Closed lh3 closed 2 years ago
Sorry but I cannot get access to the FTP site you noted. It is most convenient for me if you send me in any means the particular amino acid sequence(s) that leads to the segmentation fault.
Osamu,
I am using reference genome from this link:
https://ftp.ncbi.nlm.nih.gov/genomes/all/GCA/000/001/405/GCA_000001405.15_GRCh38/seqs_for_alignment_pipelines.ucsc_ids/GCA_000001405.15_GRCh38_no_alt_analysis_set.fna.gz
The protein sequence that causes the problem is:
>ENSMUSP00000074009.7
MWRADRWAPLLLFLLQSALGRPRLAPPRNVTLFSQNFTVYLTWLPGLGSPPNVTYFVTYQSYIKTGWRPVEHCAGIKALV
CPLMCLKKLNLYSKFKGRVQAASAHGRSPRVESRYLEYLFDVELAPPTLVLTQMEKILRVNATYQLPPCMPSLELKYQVE
FWKEGLGSKTLFPDTPYGQPVQIPLQQGASRRHCLSARTVYTLIDIKYSQFSEPSCIFLEAPGDKRAVLAMPSLLLLLIA
AVAAGVAWKIMKGNPWFQGVKTPRALDFSEYRYPVATFQPSGPEFSDDLILCPQKELTIRNRPAPQVRNPATLQAGPERD
STEDEDEDTDYDDDGDSVQPYLERPLFISEKPRVMEHSETDESGVDSGGPWTSPVGSDGSSAWDSSDRSWSSTGDSSYKD
EVGSSSCLDRKEPDQAPCGDWLQEALPCLEFSEDLGTVEEPLKDGLSGWRISGSLSSKRDLAPVEPPVSLQTLTFCWVNN
PEGEEEQEDEEEEEEEEEEEDWESEPKGSNAGCWGTSSVQRTEVRGRMLGDYLVR
I get a crash on my end with
src/spaln -Q7 -t1 -O0 -Thomosapi -dhs38.bkp protein.fa
I don't see the crash without -T
.
Dear Heng,
Thank you very much for sending me the example that caused segmentation fault. I also reproduced that problem on my site. I will try to fix the problem as soon as possible.

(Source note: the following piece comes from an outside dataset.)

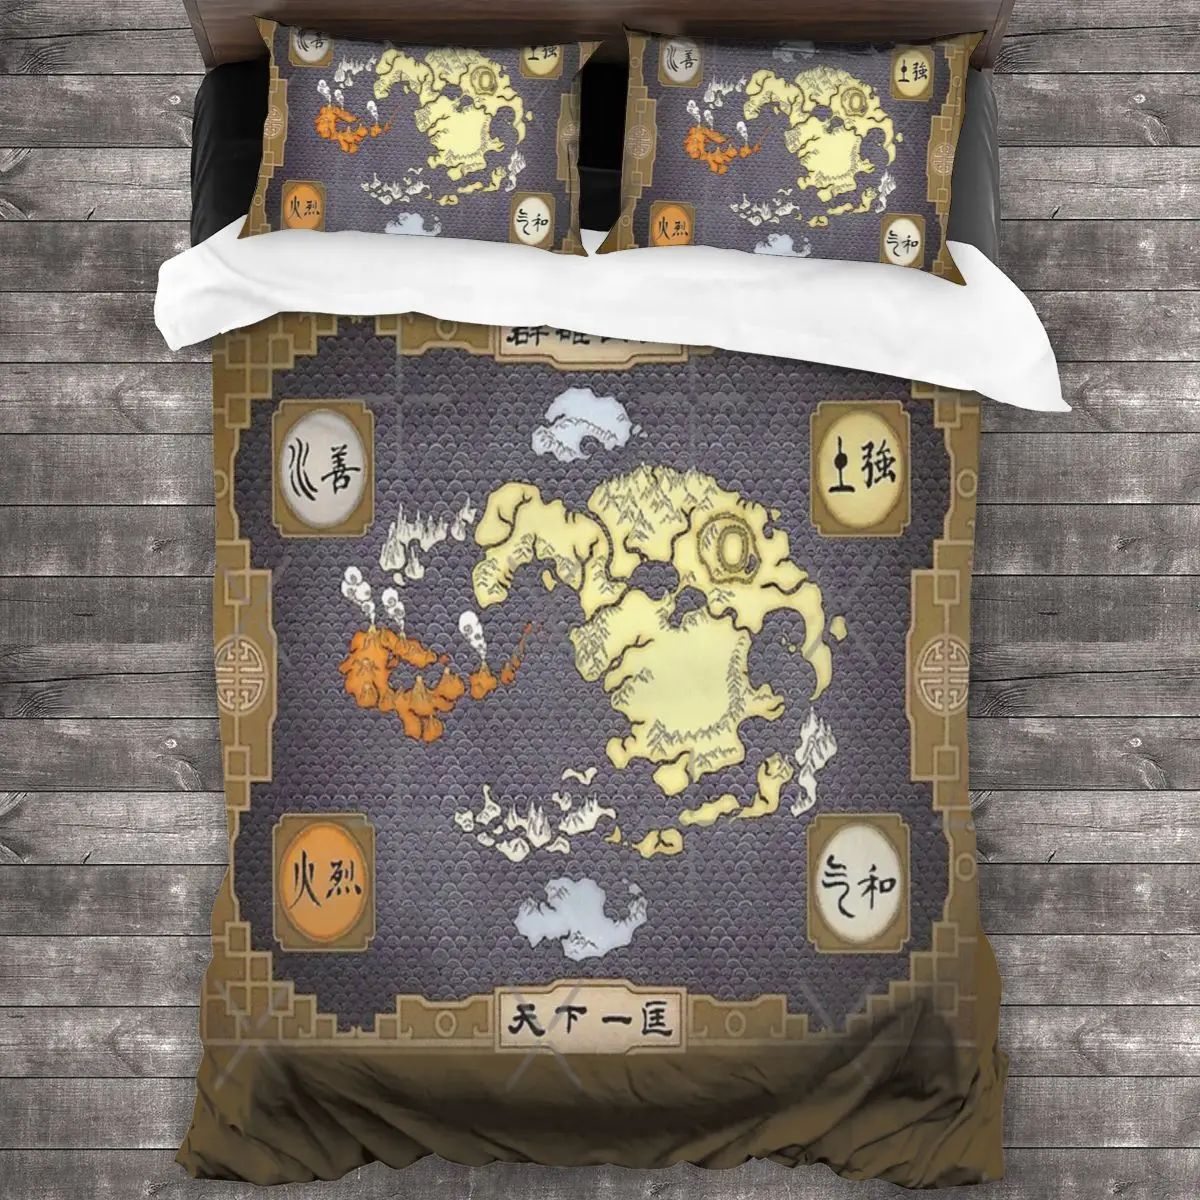 

Avatar The Last Airbender Map 1 Linens Bedspread Bedding Set Duvet Cover Bed Covers Duvet Covers Bed Linen 1 5 Sp

By the way, no segmentation fault occurred with this sequence by using -yX2 option tuned for remote homologs. The result showed that spaln failed to correctly map the query on the genome, so that the obtained alignment was meaningless. Probably, the incorrect mapping is due to non-specific matches of repetitive elements. This hints a direction to which spaln should be improved. Namely, spaln should accept soft-masked sequences, where masked ones are used in the mapping phase whereas unmasked ones are used in the alignment phase. I want to incorporate this feature in a future release.
Osamu,
Thank you for maintaining spaln these years. It is a great tool. I dig a little further about this protein ENSMUSP00000074009.7
. It is Ifnlr1
according to the Ensembl annotation. Here is another possible alignment of this protein on GRCh38:
chr1 miniprot mRNA 24157130 24187248 1574 - . ID=MP000001;Identity=0.5933;Positive=0.7015;Target=ENSMUSP00000074009.7 1 535
chr1 miniprot CDS 24187191 24187248 0 - 0 Parent=MP000001;Target=ENSMUSP00000074009.7 1 19
chr1 miniprot CDS 24180731 24180854 0 - 2 Parent=MP000001;Target=ENSMUSP00000074009.7 20 60
chr1 miniprot CDS 24169417 24169598 0 - 1 Parent=MP000001;Target=ENSMUSP00000074009.7 61 121
chr1 miniprot CDS 24161542 24161684 0 - 2 Parent=MP000001;Target=ENSMUSP00000074009.7 122 169
chr1 miniprot CDS 24159474 24159633 0 - 0 Parent=MP000001;Target=ENSMUSP00000074009.7 170 222
chr1 miniprot CDS 24159052 24159182 0 - 2 Parent=MP000001;Target=ENSMUSP00000074009.7 223 266
chr1 miniprot CDS 24157133 24157891 0 - 0 Parent=MP000001;Target=ENSMUSP00000074009.7 267 535
chr1 miniprot stop_codon 24157130 24157132 0 - 0 Parent=MP000001
The identity is below 60%, which is uncommon for human-mouse orthologs. Nonetheless, this region contains the human IFNLR1 gene. The above might be a real alignment (EDIT: I see a non-canonical splicing. Not sure if that is correct).
Dear Heng,
I have just uploaded the new version spaln2.4.13. I replaced several files with corresponding ones under revision. The new version runs without a trouble with the sequence you provided, producing seemingly correct alignment. In this regard, I was wrong about the anticipation that the mapping phase might be problematic. I also tried to map/align all mouse refseq protein sequences of NP_* (excluding predicted ones) onto human genome. Although I do not yet evaluate the results, at least I met no clash during the execution.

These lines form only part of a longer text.